В сознании замелькали какие-то не очень знакомые сейчас события и лица, и все они сопровождались чувством несправедливой обиды. Была ещё какая-то история с паспортами. Внуки получили «синие» паспорта гражданина Эстонии, а у нас были «серые» паспорта иностранцев. Вскоре сын с и детьми и женой стал перебираться в Ростов. Это я помню хорошо. И я должна уехать вместе с ними.
Женщина сделала третий шаг и оказалась совсем рядом с дверью. Теперь главное – не упасть. Ещё один шаг и она сможет ухватиться за дверную ручку: и стоять будет легче и открыть дверь сможет или постучать в неё.
Что дальше? Получается, что в Таллине остались только взрослые внуки? И кто-то из них уже переехал в Финляндию.
Но что было со мной? Я сейчас в России?
И вдруг из каких-то глубин сознания, из какого-то уголка памяти выплыла убивающая своей уверенностью и определённостью мысль: «А я заболела и потеряла память. И сейчас нахожусь в психушке». Вот оно как! Вот где я очутилась! Но когда это случилось, не помню. Где я нахожусь: в Рязани или Пензе?»

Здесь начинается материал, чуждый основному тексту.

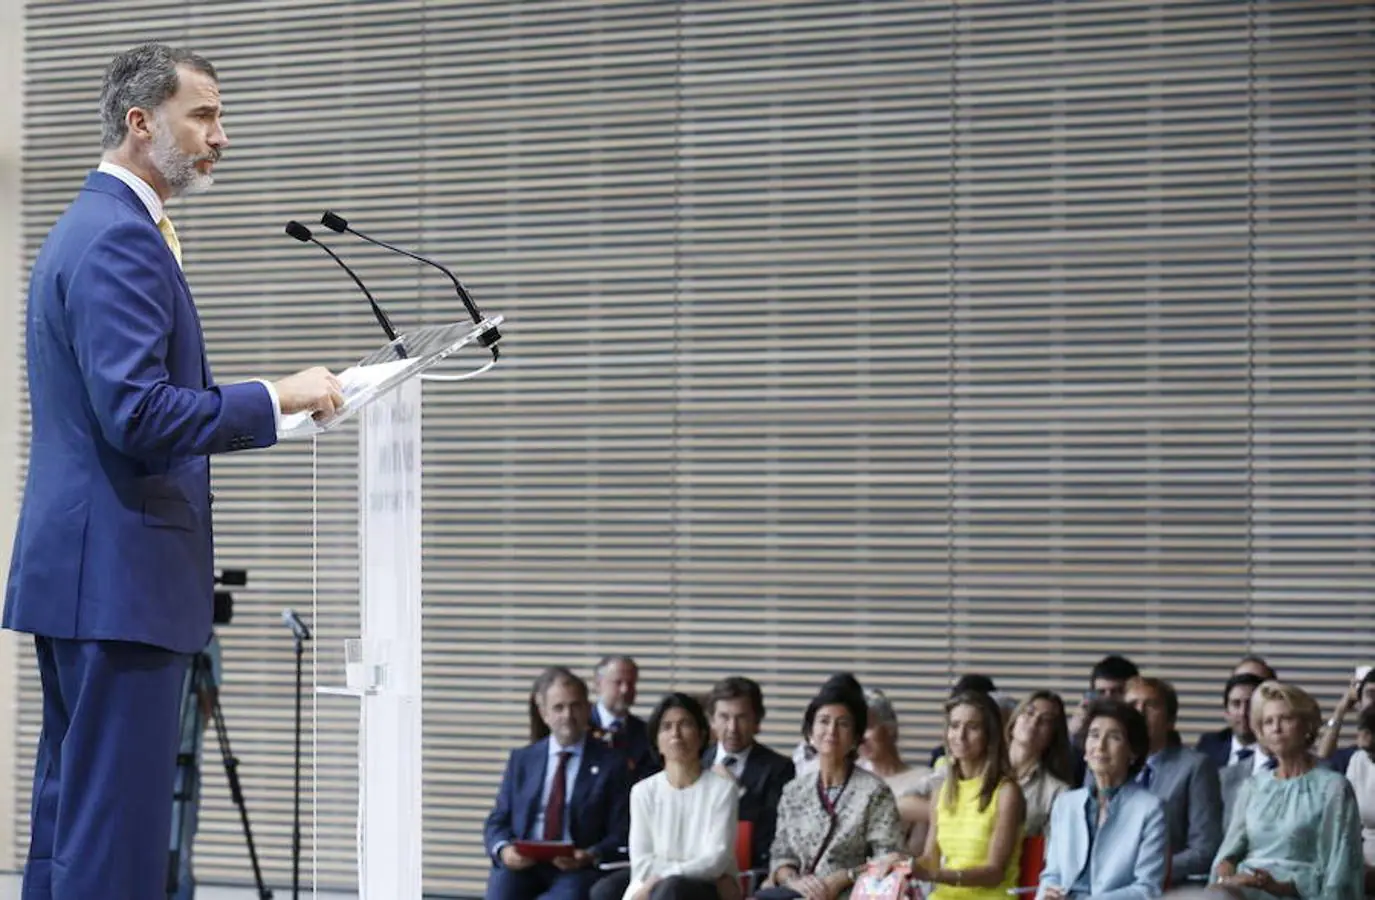 El Rey Felipe pronuncia un discurso en la inauguración del Centro Botín, el nuevo centro de arte que pone en marcha la Fundación Botín bajo un diseño de Renzo Piano y sobre la bahía de Santander.. Efe

На этот вопрос она не могла ответить. Неожиданное открытие придавливало её своей обречённостью и несправедливостью. Она потеряла память!
Но вот сейчас же у неё хорошо работает память и соображает голова! Вот только слабость сильная... Возникшая мысль о психбольнице остановила движение её памяти. Но оставалось что-то ещё, что необходимо было вспомнить. Женщина почему-то была абсолютно уверенна в том, что всё вспомнит до самого конца. Она сделала последний, четвёртый шаг и ухватилась за ручку двери.
И вспомнила. Словно угасающая спичка её сознание вспыхнуло и осветило самые последние годы.
Женщина попыталась открыть дверь, но не смогла. Она несколько раз слабо ударила рукой в дверь. Последние силы покидали её. Колени дрожали всё сильнее и уже подгибались, не выдерживая тяжесть даже тщедушного тела. Лицо покрылось потом. Она из последних сил держалась за дверную ручку, чтобы не упасть.
«Надо позвать их. Надо сказать, что я здорова, что я всё вспомнила. Пусть позвонят сыну или дочери».
Женщина услышала приближающиеся по коридору шаги. Её всё-таки услышали. Сейчас откроют дверь...
Но мозг всё больше и больше цепенел. Как-то незаметно и быстро, словно вода из расколовшегося сосуда, уходило сознание. Его становилось всё меньше, меньше, меньше… А губы почему-то прошептали: «Нет… Не надо звонить».
Дальше апатия и бессмыслие.
Женщина легко и плавно согнулась, опустилась на пол около двери. Провела рукой по стриженной голове. Застыла.
В коридоре недалеко от двери в палату на посту сидела дежурная медицинская сестра. К ней подошла недавно поступившая на работу санитарка. Она была ещё молодой женщиной и ей многое казалось любопытным в этой странной и необычной больнице, где персонал получал повышенную зарплату «за вредность». Услышав повторившийся стук в дверь одной палаты, санитарка спросила у медицинской сестры:
- Kes seal uksele koputab? (Кто там стучит в дверь?)
- See on ;ks vene mutike. Tal on t;іelik m;luauk, igal ;;sel koputab uksele. Aga kui astud talle ligi, siis ta istub ukselavel ja vaikib. Venelased on veidi ohmu. (Одна русская старуха. Совсем без памяти. Каждое полнолуние начинает стучать в дверь. Подойдёшь к ней: сидит у порога и молчит. Русские все какие-то странные).
- Kas tal sugulasi on? (У неё есть родные?)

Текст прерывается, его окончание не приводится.